The most effective opposition to capitalism in recent years has come from Islamic fundamentalists. Leaving aside the unpalatable implications of a defeat of capitalism in this context, it is important to note that the supposed strength of al-Qaeda in this struggle is almost entirely a myth cooked up by the Bush administration. Moreover, its avowed goal of creating a global caliphate, as well as its willingness to rely on worldwide flows of wealth, suggests that it is not incompatible with a more repressive and authoritarian form of state capitalism. The conclusion is inescapable: no alternative has yet emerged, nor is likely to emerge, that has the potential to challenge and defeat power on the political level. And if we take into account the insights offered by the soixante-huitard Foucault about the inescapability and the inevitable re-emergence of power, the political horizons that opened in 1968 look narrower still.
Yet, to the extent that something radical did happen in May, and in the Sixties as a whole, it was the attempt at creating ways of living together that could somehow defend themselves against the incursions of this system. The fact that they had Utopia in their sights, of course, made them impossible to sustain amidst the stubbornness of capital. But May was only one such attempt. History is rich in desperate renunciations, solitary critiques, communal withdrawals.

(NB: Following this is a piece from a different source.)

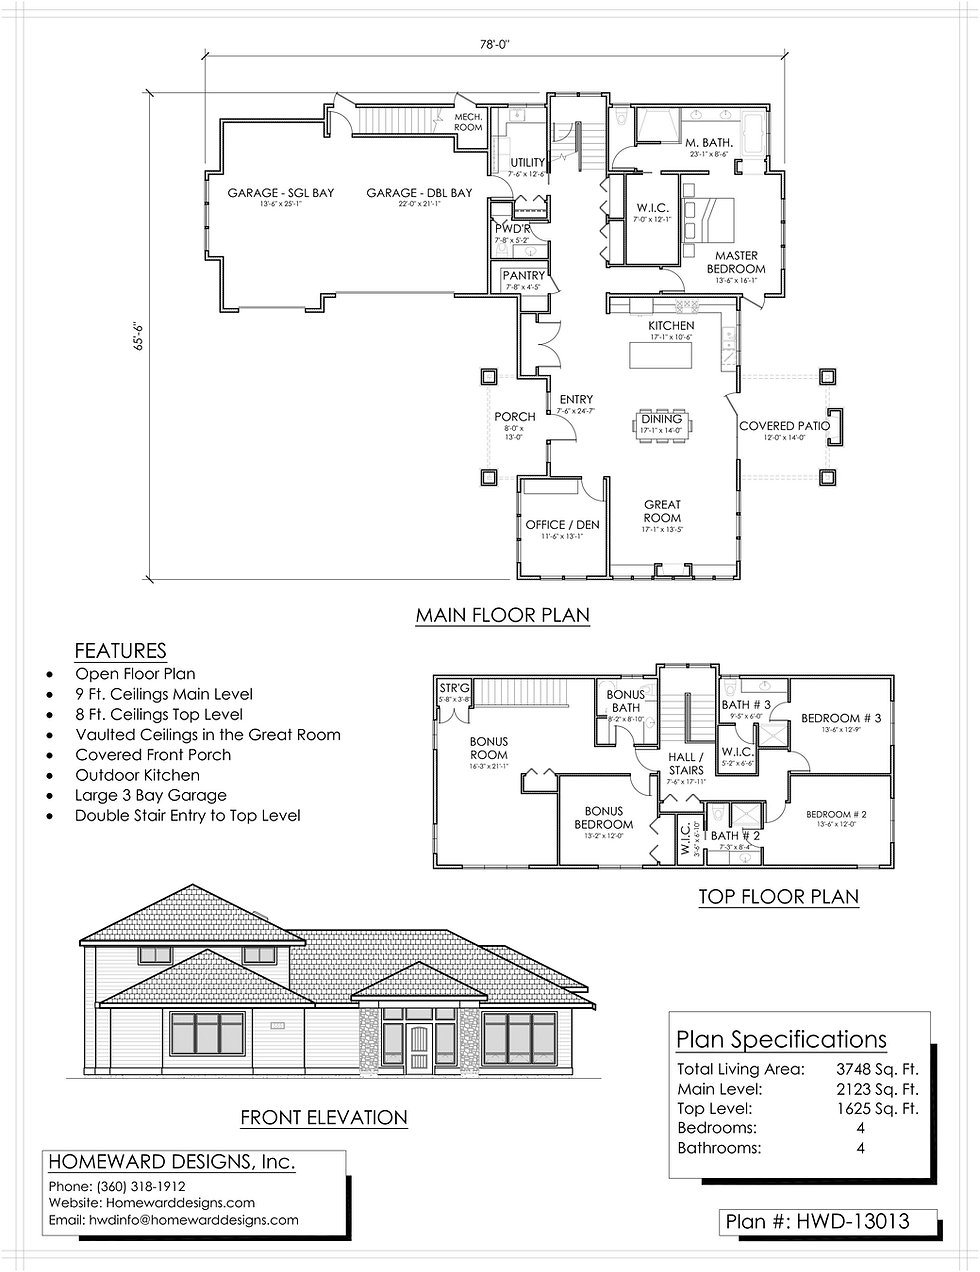 Single Family House Stock Plan

These tactics, not solely drawn from the annals of anti-capitalist or anti-statist struggle, provide — and have already provided — a model for radicals in the world after May. Though it may be a model that owes more to hippies than to New Leftists, to Fourier than to Robespierre, its potential is more revolutionary and more universal. The tactics of the nomad kept ancient Scythia free from the Persians; ceding the scorched earth of the political in favor of an unyielding retreat is still the only way to check the Empire.
There is another reason not to maintain May's half-revolution as a radical fetish. Quemper says in his accompanying interview that digging up these photos was, more than anything else, a way of reliving his youth. May is the property of the Baby Boomers, both in France and in the United States; and it is therefore difficult to separate the real significance, the revolutionary quality, of the events from their role as the signifiers of a Vaseline-tinted nostalgia. The radicals of the future, it would seem, deserve better than this devotion to May as some transcendental and non-negotiable reference point. To bury it would be, if nothing else, a blow in defense of the new.